**Supplied information:**
◆ ◆ ◆ ◆ ◆ ◆ ◆
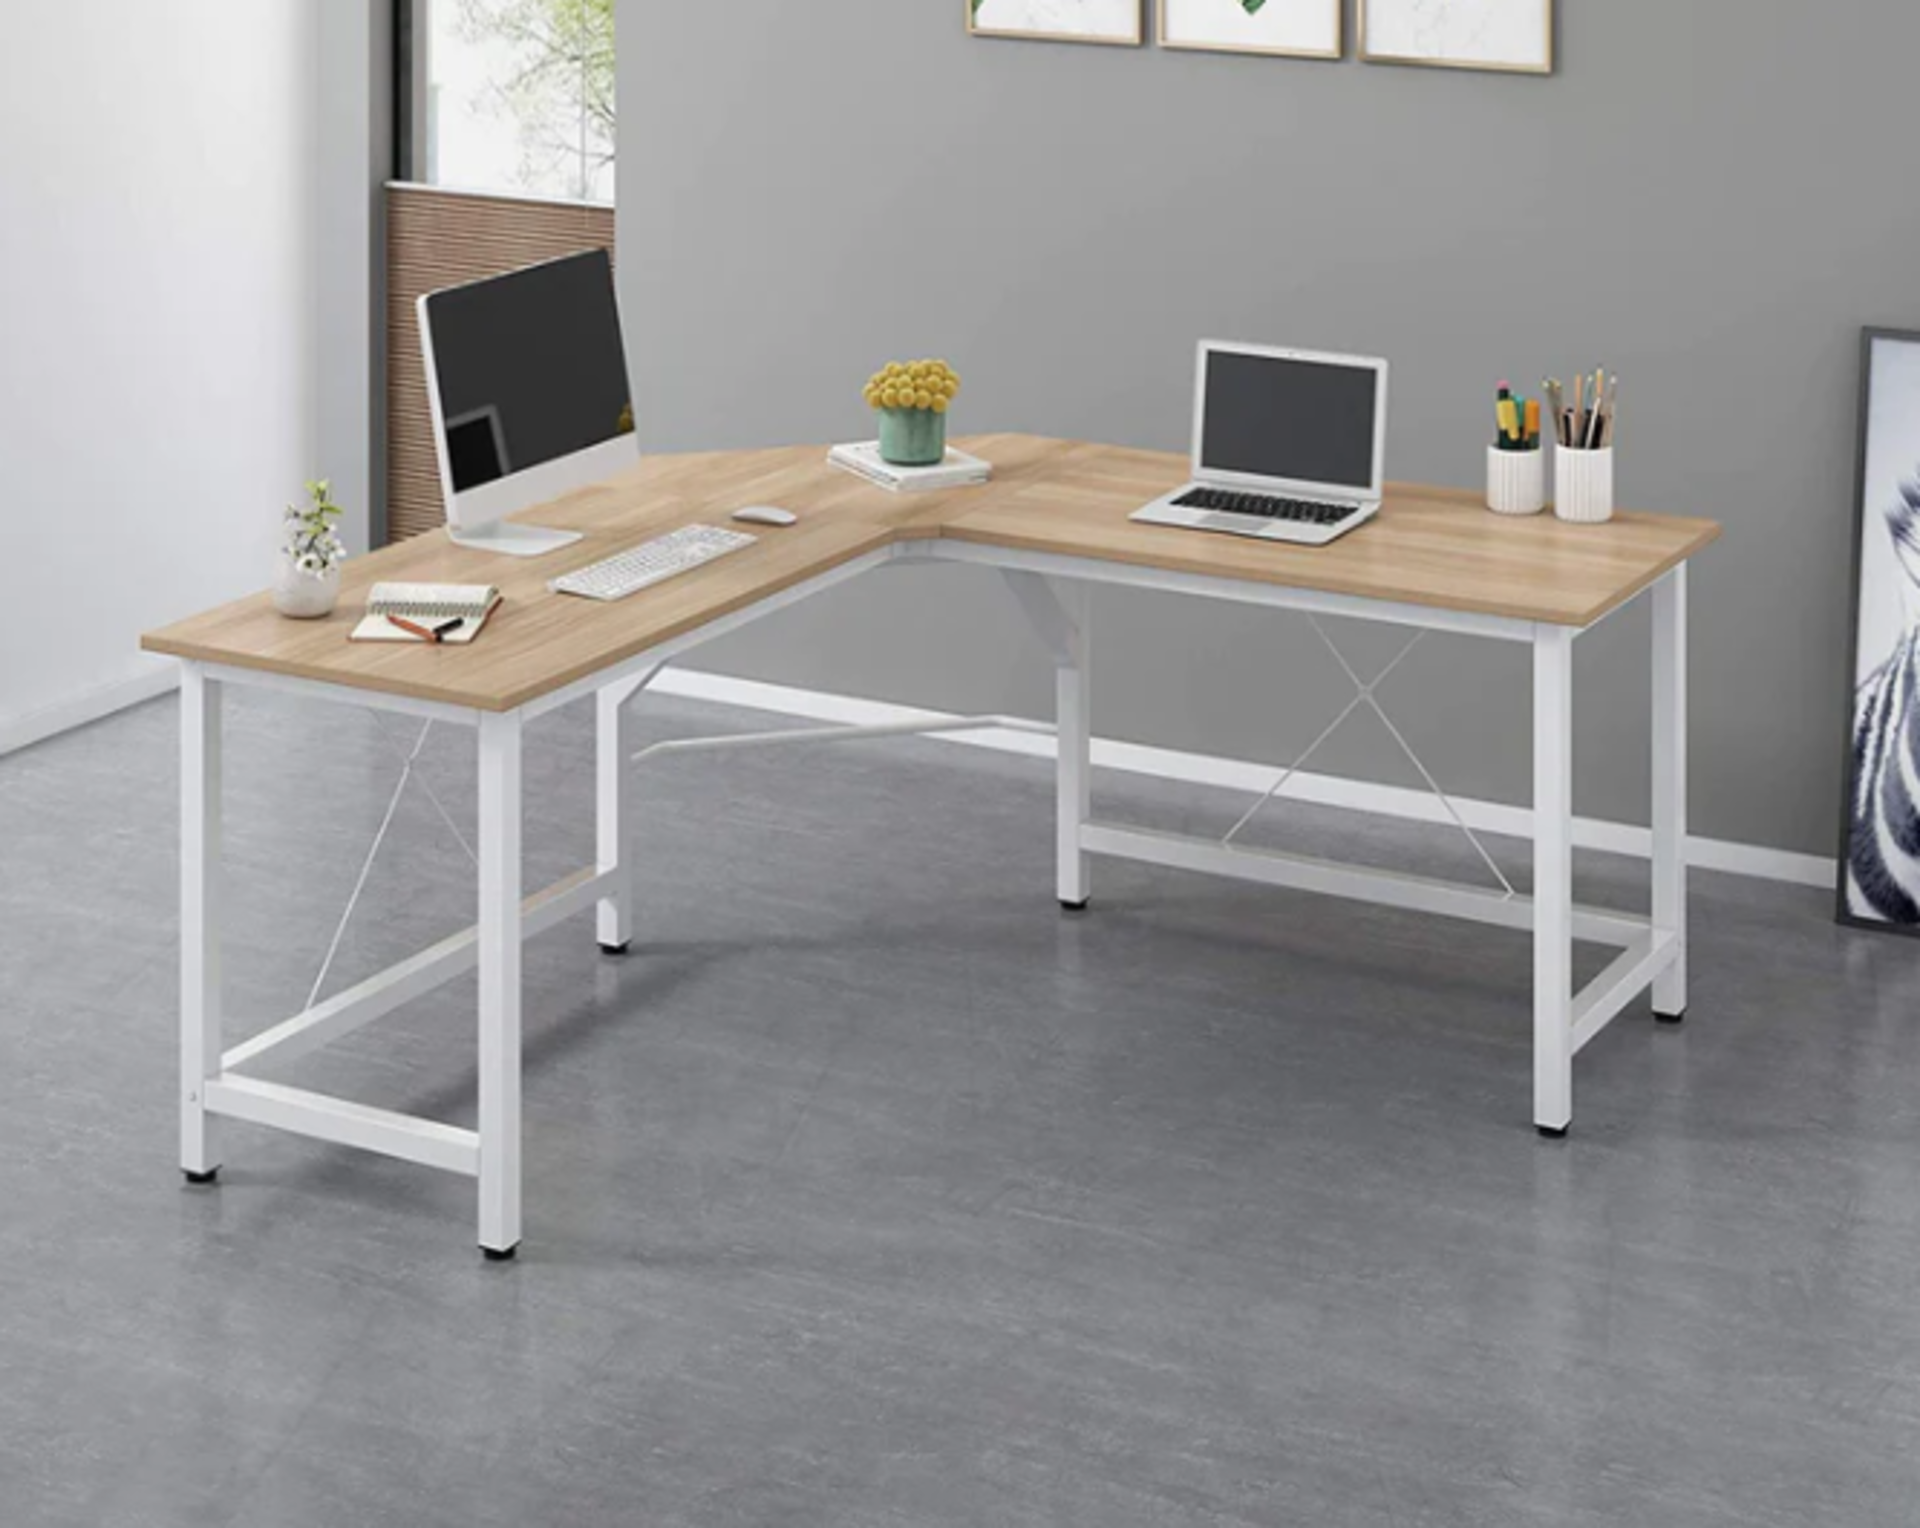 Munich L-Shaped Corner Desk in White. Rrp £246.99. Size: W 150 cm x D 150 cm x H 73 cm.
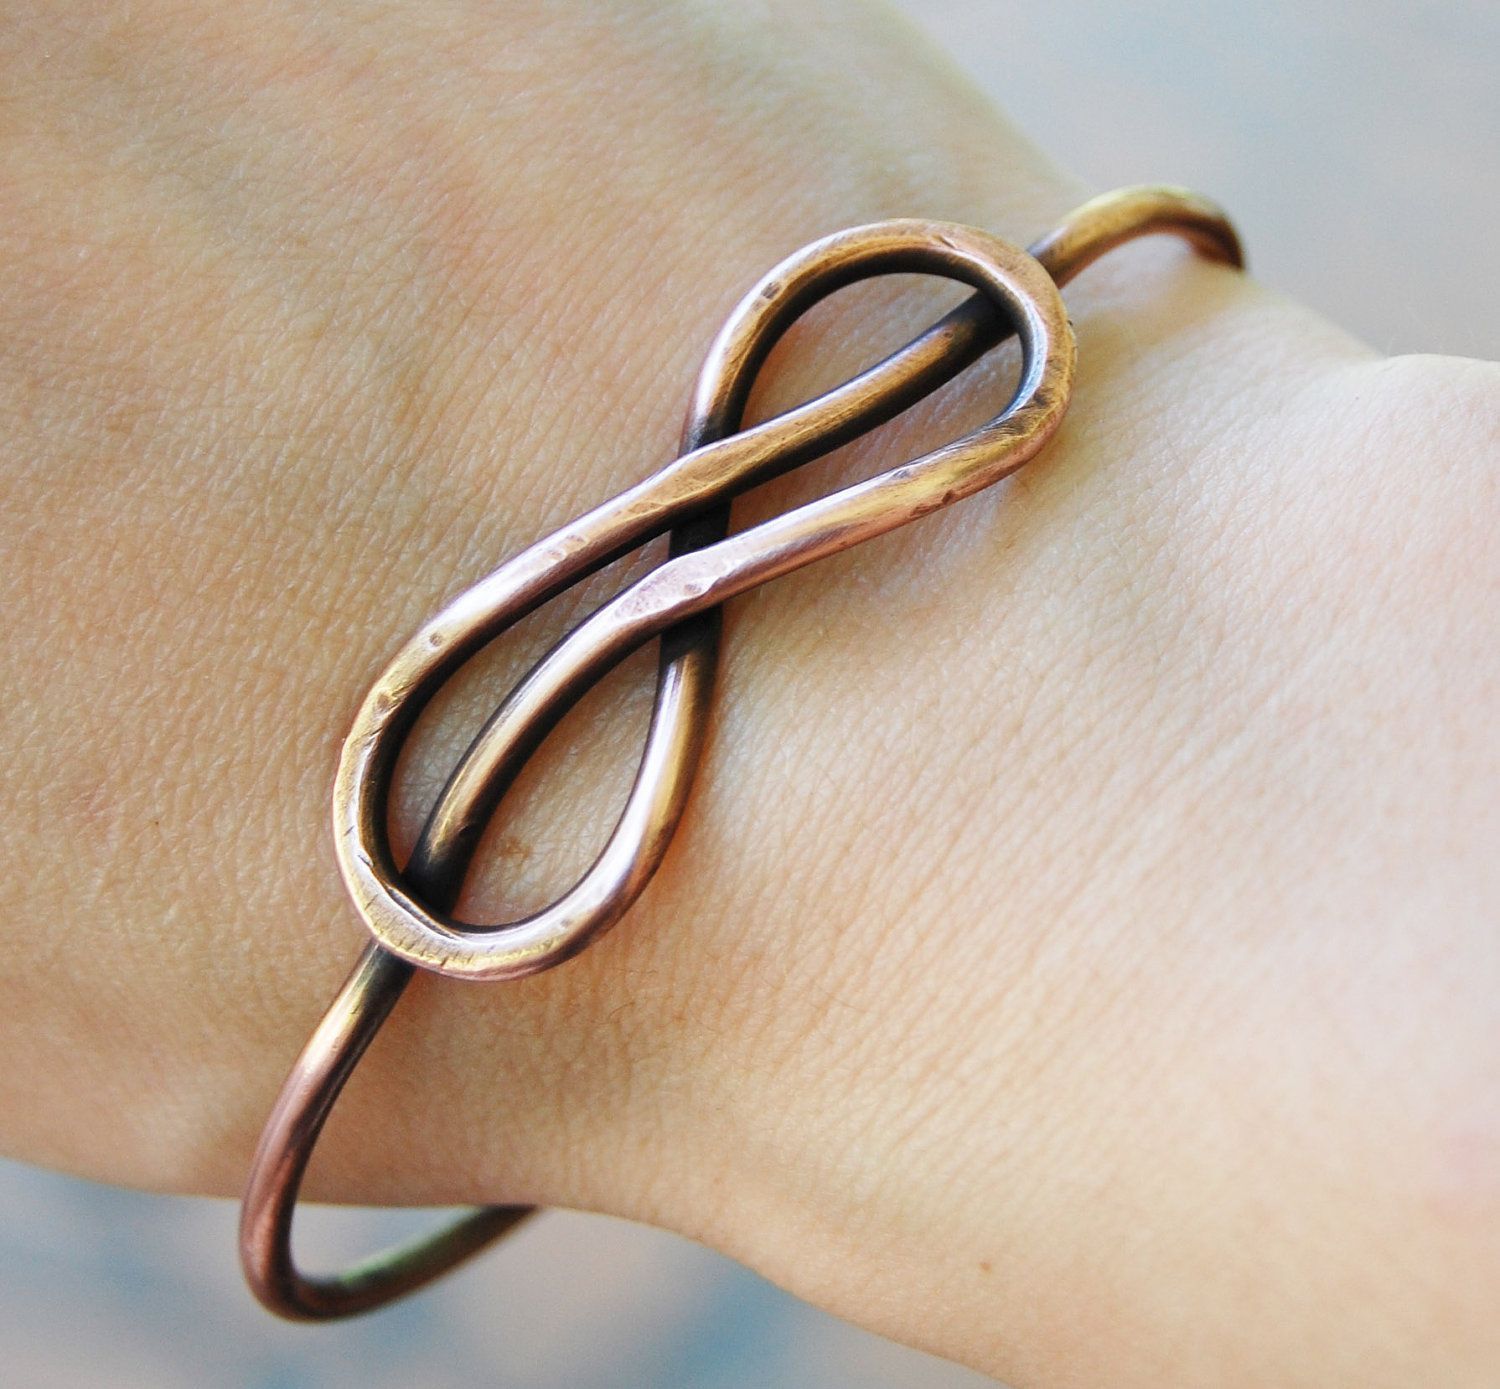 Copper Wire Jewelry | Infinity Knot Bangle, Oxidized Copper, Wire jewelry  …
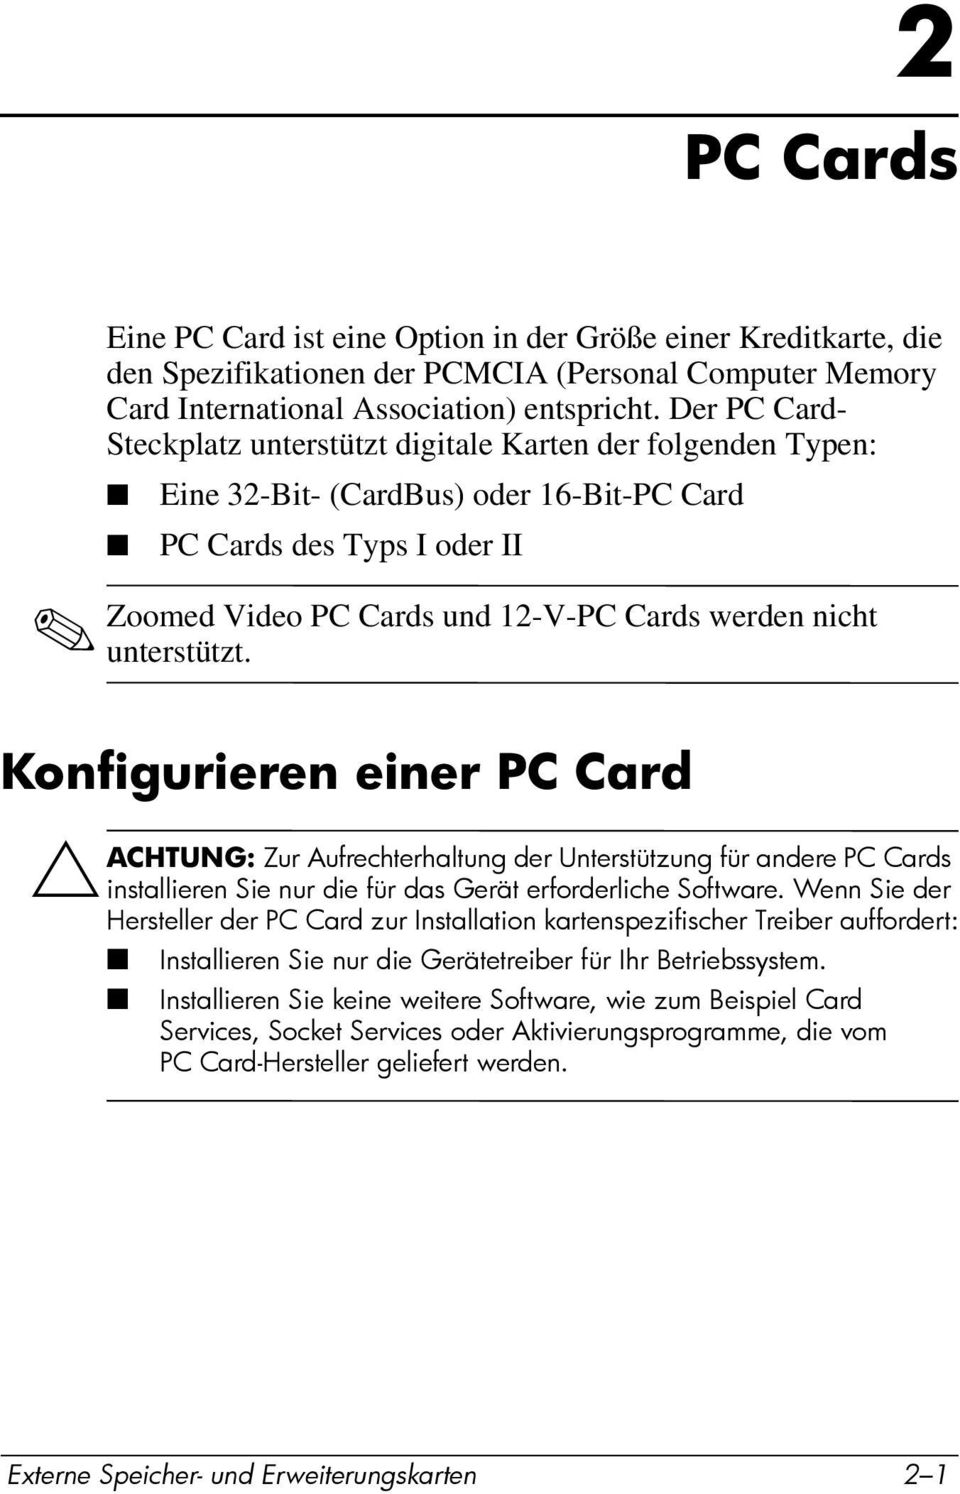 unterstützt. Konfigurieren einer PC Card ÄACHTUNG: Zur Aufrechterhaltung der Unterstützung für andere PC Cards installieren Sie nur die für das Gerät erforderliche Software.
◆ ◆ ◆ ◆ ◆ ◆ ◆
**Task to carry out:**
Word for word, retype all of the data above, but include no pictures.

**Result for this exercise:**
 Munich L-Shaped Corner Desk in White. Rrp £246.99. Size: W 150 cm x D 150 cm x H 73 cm.
 Copper Wire Jewelry | Infinity Knot Bangle, Oxidized Copper, Wire jewelry  …
 unterstützt. Konfigurieren einer PC Card ÄACHTUNG: Zur Aufrechterhaltung der Unterstützung für andere PC Cards installieren Sie nur die für das Gerät erforderliche Software.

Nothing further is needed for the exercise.